ENergy Efficient Adaptive Computing with multi-grain heterogeneous architectures Bristol University, [email protected]
Heterogeneous chips that combine CPUs and FPGAs can distribute processing so that the algorithm tasks are mapped onto the most suitable processing element. New software-defined high-level design environments for these chips use general purpose languages such as C++ and OpenCL for hardware and interface generation without the need for register transfer language expertise. These advances in hardware compilers have resulted in significant increases in FPGA design productivity. In this research, we investigate how to enhance an existing software-defined framework to reduce overheads and enable the utilization of all the available CPU cores in parallel with the FPGA hardware accelerators. Instead of selecting the best processing element for a task and simply offloading onto it, we introduce two schedulers, Dynamic and LogFit, which distribute the tasks among all the resources in an optimal manner. A new platform is created based on interrupts that removes spin-locks and allows the processing cores to sleep when not performing useful work. For a compute-intensive application, we obtained up to 45.56% more throughput and 17.89% less energy consumption when all devices of a Zynq-7000 SoC collaborate in the computation compared against FPGA-only execution.
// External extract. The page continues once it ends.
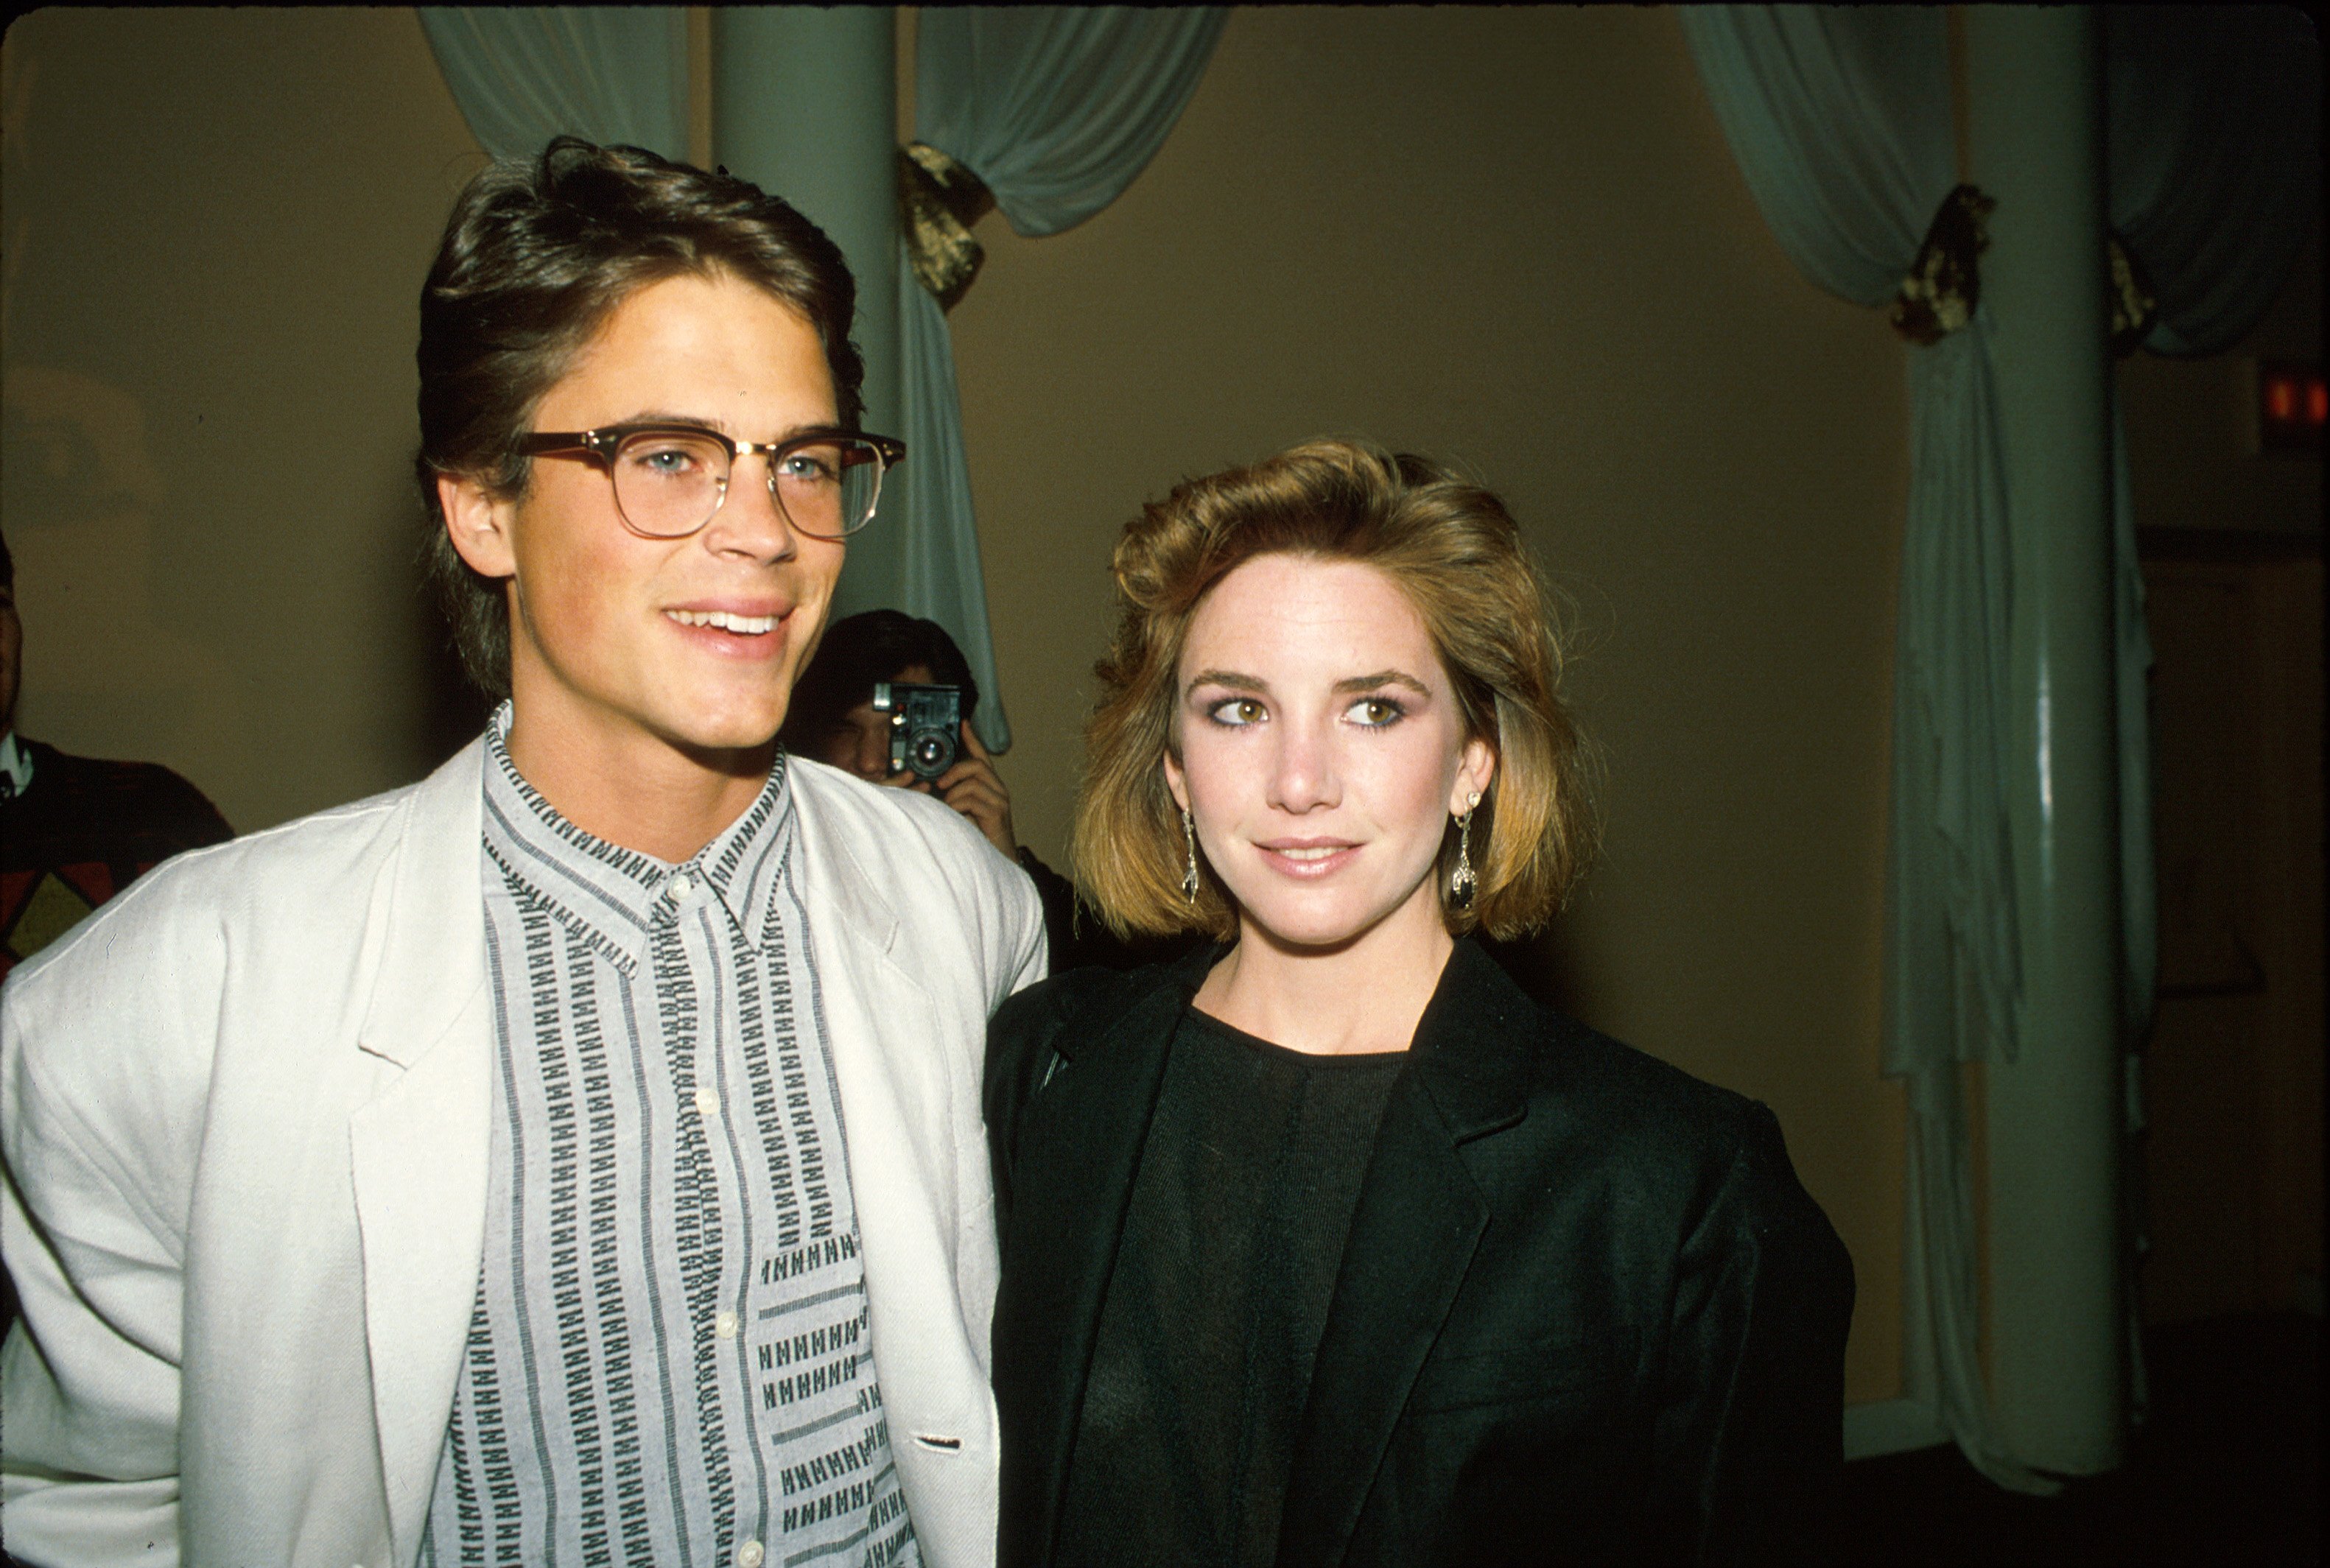 A close-up of Rob Lowe and Melissa Gilbert 1984. 
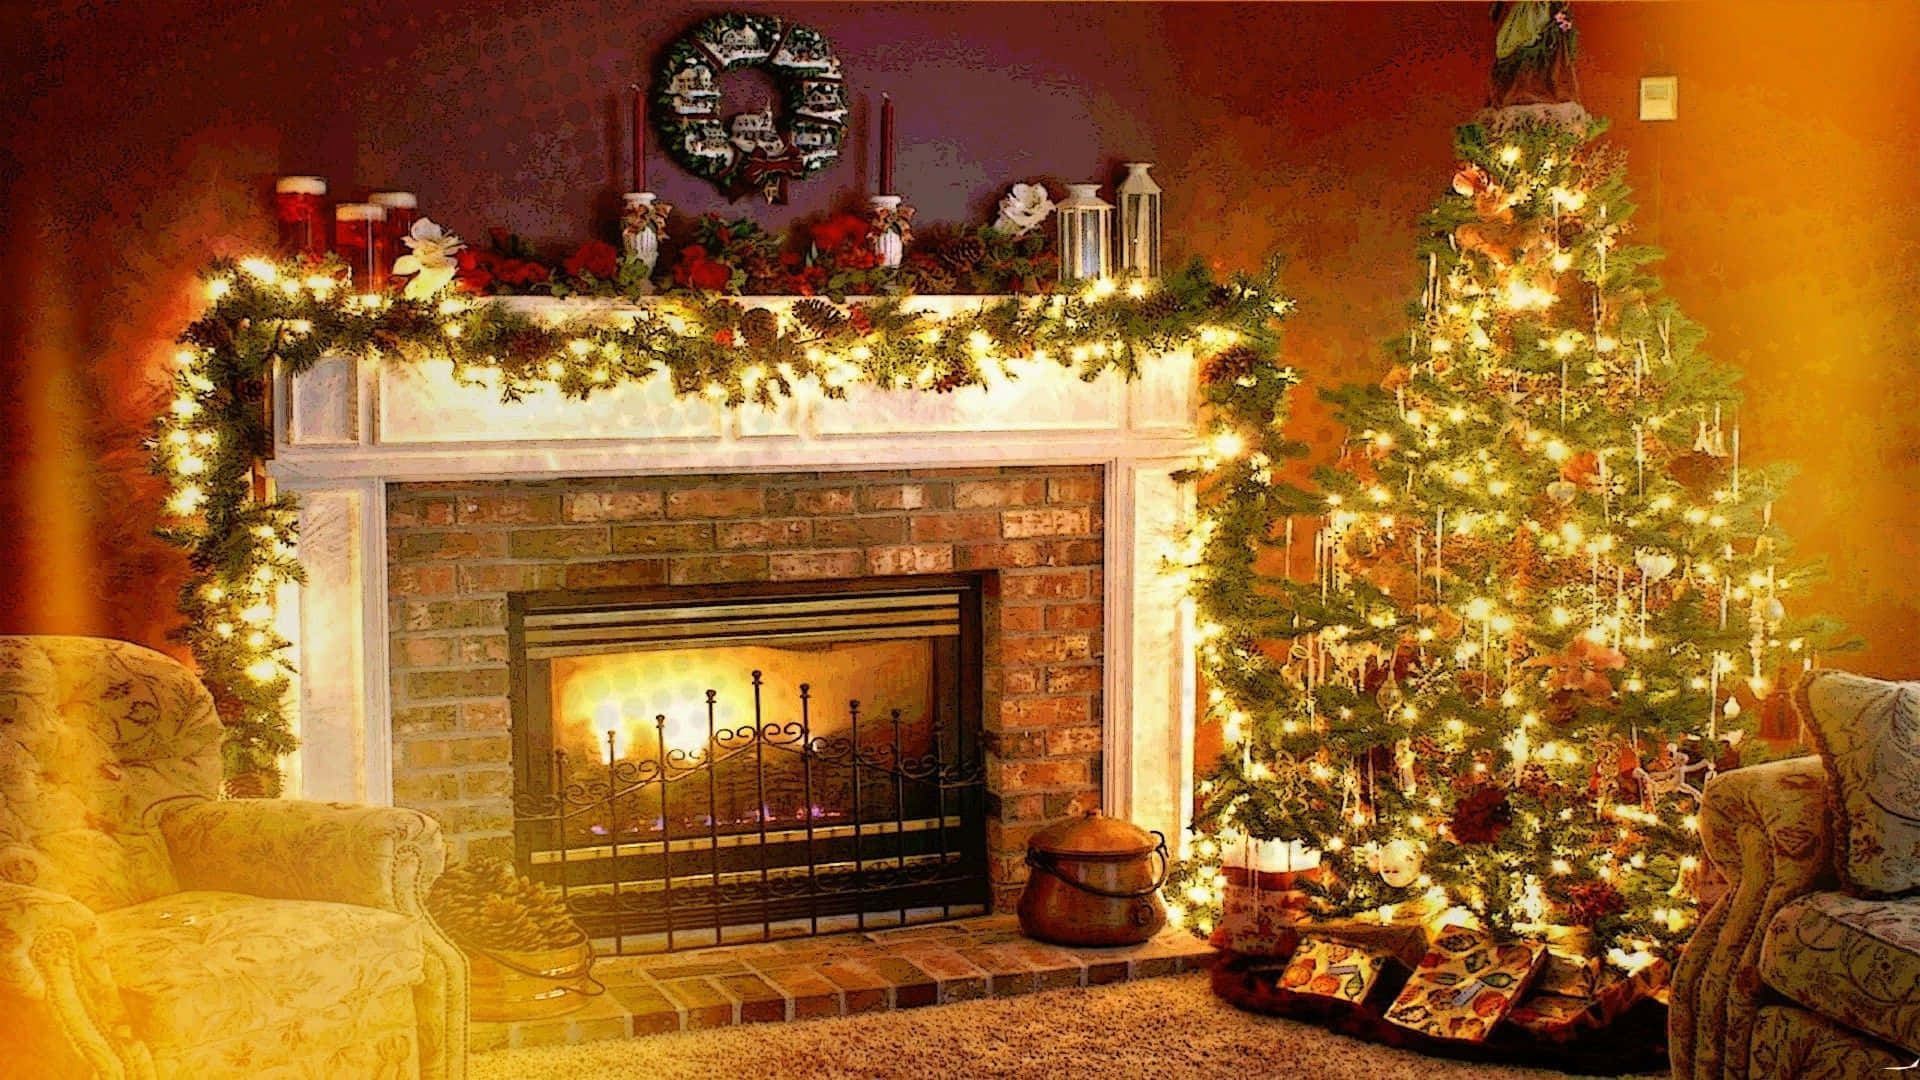 Enjoy the cozy atmosphere of a warm, crackling fire.

HYPERTHREADING in ultrascale. The ultrascale heterogeonous system uses a hyperthreading technique for the PL cores. While in previous work there is a single hardware thread that is controlled by the scheduler and then this activates up to 4 FPGA cores in parallel and waits for all of them to complete before continuing. All the hardware cores are activated in parallel at roughly the same time and they get the same proportion of the data space to compute. This means that if one of the cores computes faster because, for example, computation time depends on data contents and not just the amount of data then this core has to wait for the rest to finish. With hardware hyperthreading each core behaves as a virtual independedent device and the scheduler can assign work to this device indepedently of the state of computation in the other FGPA cores. For hardware hyperthreading each hardware instance is exposed to the scheduler through a different function prototype. Two variations are available using the resource pragmas or with multiple hardware functions.
Using resource. In this scenario there is only 1 hardware function and it is instantiated multiple times in the kernel function with the addition of a resource pragma so multiple hardware instances are created. The pragmas control the interface ports to be used and the hardware instances share these ports. Example : //hardware instance approach used in GEMM #pragma SDS resource(1) mmult_top(array_temp_a, array_temp_b, array_temp_c, line_count);
Multiple fuctions. In this scenario each hardware instance have a different hardware function although they all performance the same functionality. This approach requires the work of repliacting the function code but it has the advantage that each instance can use different pragmas to control the interface types. So for example instance 1 can use only high performance port 1 etc. In principle both solutions offer the same performance but it is easier to identify problems with ports since they are not shared. Example: //hardware instance approach used in SPMM mmult_top1(array_temp_a, array_temp_b, array_temp_c, line_count);
NOTE: If you use HP ports to interface the hardware then execution with more than one FPGA core fails with no virtual memory mapping. This is not a problem with HPC. If you really want to use the HP ports then you need make independent SD_alloc memory allocations per core (not a single area) and copy chuncks of data from malloc to sds_alloc on-demand. It seems that with HP ports the 4 hardware cores cannot access a single sds_alloc area.
ENERGY METERING SUPPORT: to add energy/power metering support replace the scheduler files with the files located in the energy-support directory and also move the directory energy-meter to the same level as the benchmark_host directory. The scheduler.h should have #define ENERGY and the Makefile will compile and link with the energy-mter library.
SCRIPTS: the script folder contains an example of the data that should be extracted from the board and the processing of this data to generate results figures. Modify as needed.